An Alternative Axiomatic Algebraic LLM (3A-LLM)
Consolidated from main40.tex, main50.tex, main97.tex (allm)
The following abstracts are the union of the three LaTeX sources (wording unchanged aside from light HTML conversion). Author lists are omitted per site policy.
From main40.tex (A-LLM, FOIS-style)
In our times, language processing AI systems, e.g., ChatGPT, are based on Large Language Models (LLMs). Such AI systems excel in orthography, morphology, and syntax but sometimes err with respect to semantics and/or pragmatics. In order to reduce semantic fumbles, we suggest the integration of a semantic resource into language processing AI systems. However, such a resource needs not only to be large by itself but also strictly formal and computational so that an AI system can exploit it. This paper presents the Axiomatic Large Language Model (A-LLM), a formally grounded, generative framework for semantic representations that, among other applications, meets the requirements of a semantic resource that can be integrated in an LLM. The A-LLM consists of concepts as semantic building blocks and anchors those concepts in a restricted set of elementary concepts derived from the Longman Defining Vocabulary (LDV) [Fox2014]. The paper describes how to build the A-LLM from this restricted set and presents how representations for semantic relations among represented concepts are generated. The paper also takes a look at some of A-LLM's possible applications among them its use as a semantic resource in modern language processing AI systems.
From main50.tex (3A-LLM search evaluation)
Neural large language models (LLMs) excel at fluent text generation but often lack a grounded semantic backbone for search and retrieval, leading to brittle keyword behaviour or opaque embedding similarity. We investigate how 3A-LLM (An alternative axiomatic algebraic Large Language Model)---a formally grounded, generative semantic framework with a typed conceptual graph and explicit derivation paths---can support LLM-based search. 3A-LLM provides deterministic query expansion and implicit concept prediction via semantic radius and proximity on a graph built from Longman Defining Vocabulary primitives and a transformation calculus. We run a large-scale evaluation on a concept taxonomy of 4,102 subject--property--object triples (1,077 unique concept types) from a concept taxonomy (see supplementary material), with 165 conceptual query expansion tasks (T1) and 165 implicit concept prediction tasks (T2), totalling n=330 test cases across categories such as vehicle, building, person, event, animal, device, and artifact. 3A-LLM substantially outperforms WordNet-synset and string-similarity baselines (e.g. T1 P@5: 0.88 vs. 0.44 vs. 0.17; T2 MRR: 0.88 vs. 0.49 vs. 0.20). We report 2--3 worked examples per category and discuss integration of 3A-LLM into hybrid KG--LLM search pipelines.
From main97.tex (extended manuscript)
In our times, language processing AI systems, e.g., ChatGPT, are based on Large Language Models (LLMs). Such AI systems excel in orthography, morphology, and syntax but sometimes err with respect to semantics and/or pragmatics.
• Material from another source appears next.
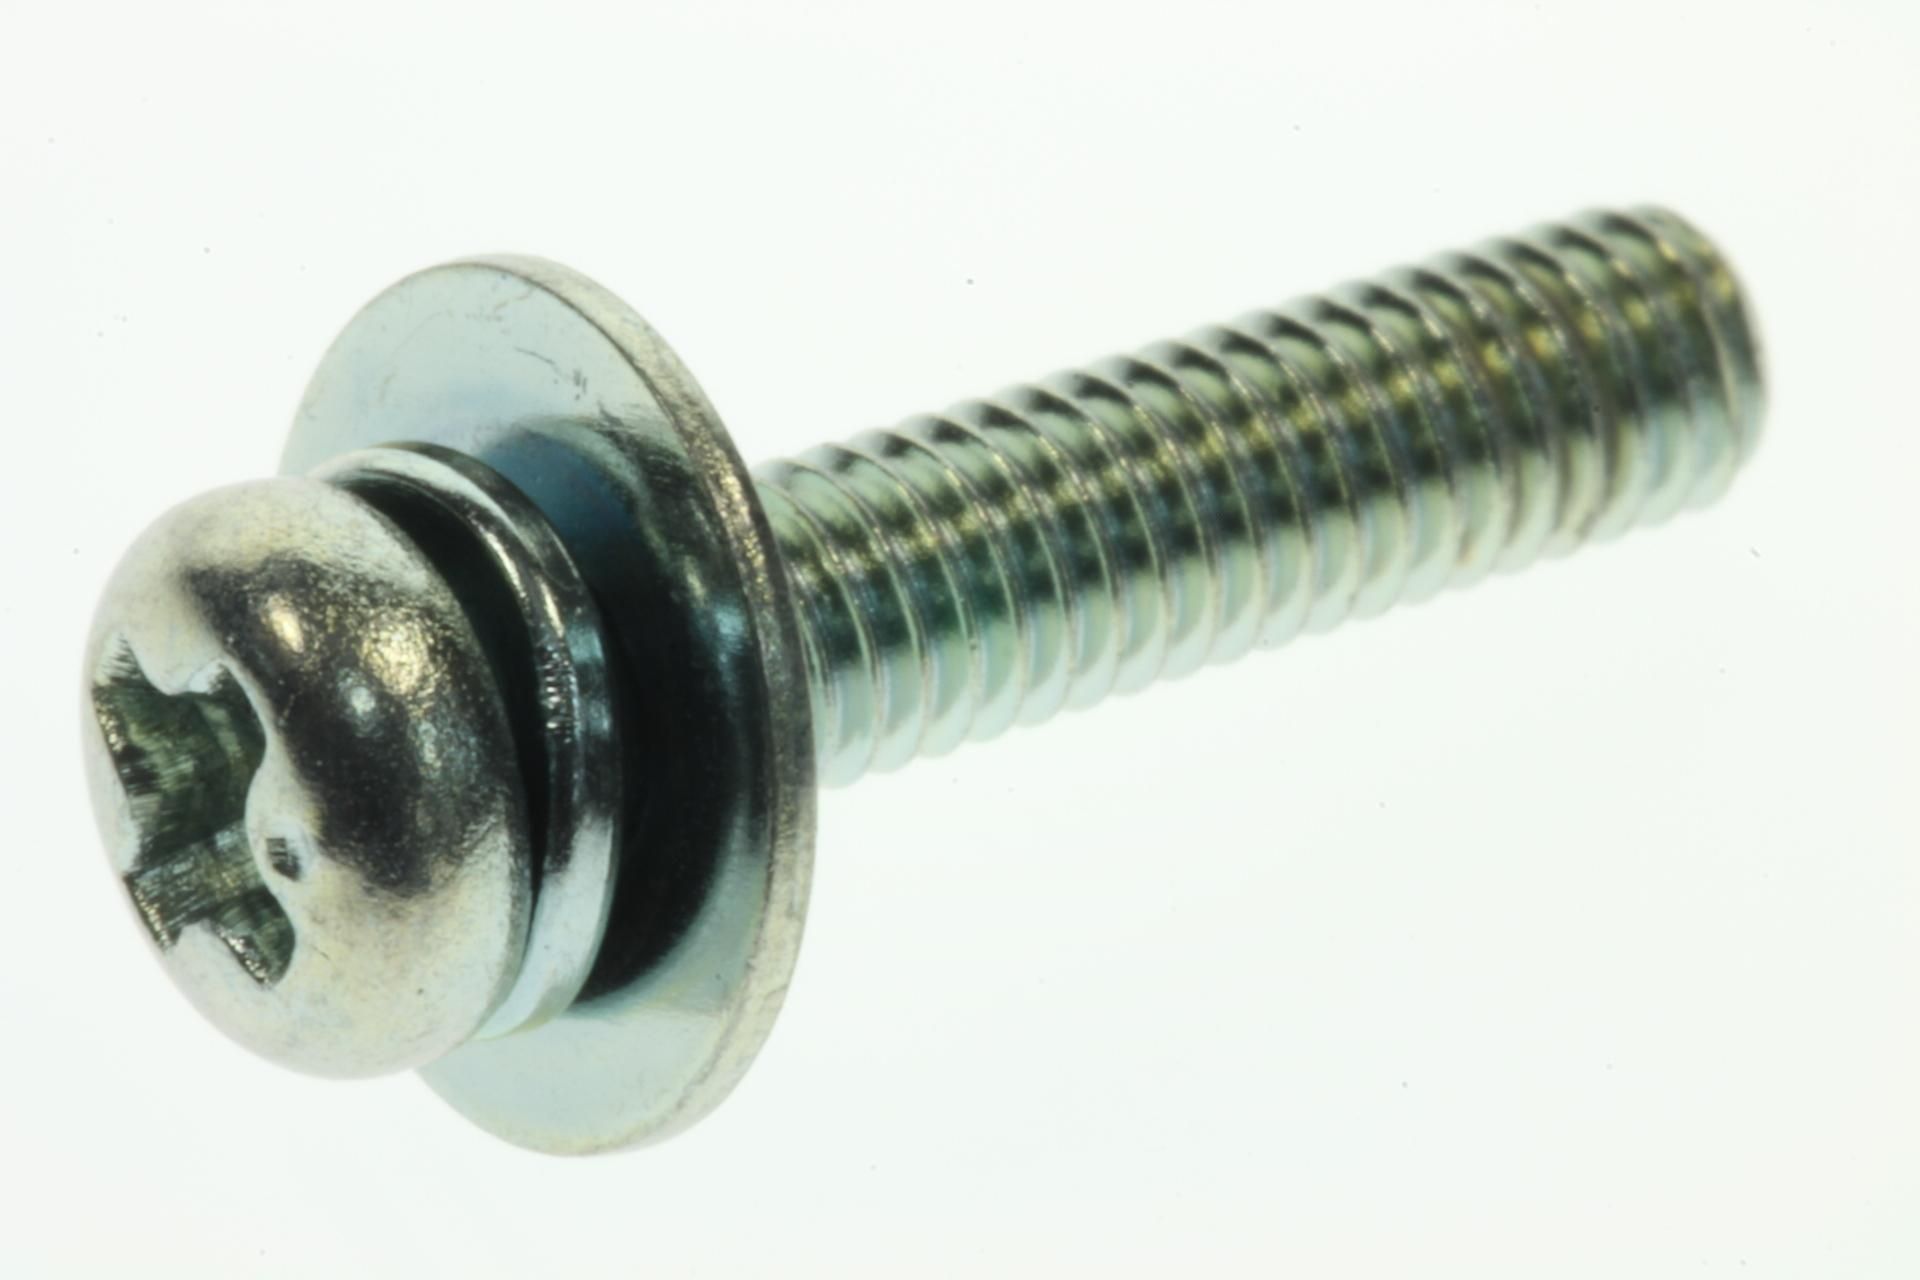 09125-03105 Superseded by 09125-03105-XC0 - SCREW

In order to reduce semantic fumbles, we suggest the integration of a semantic resource into language processing AI systems. However, such a resource needs not only to be large by itself but also strictly formal and computational so that an AI system can exploit it. This paper presents the Axiomatic Large Language Model (A-LLM), a formally grounded, generative framework for semantic representations that, among other applications, meets the requirements of a semantic resource that can be integrated in an LLM. The A-LLM consists of concepts as semantic building blocks and anchors those concepts in a restricted set of elementary concepts derived from the Longman Defining Vocabulary (LDV) [Fox2014]. The paper describes how to build the A-LLM from this restricted set and presents how representations for semantic relations among represented concepts are generated. The paper also takes a look at some of A-LLM's possible applications among them its use as a semantic resource in modern language processing AI systems.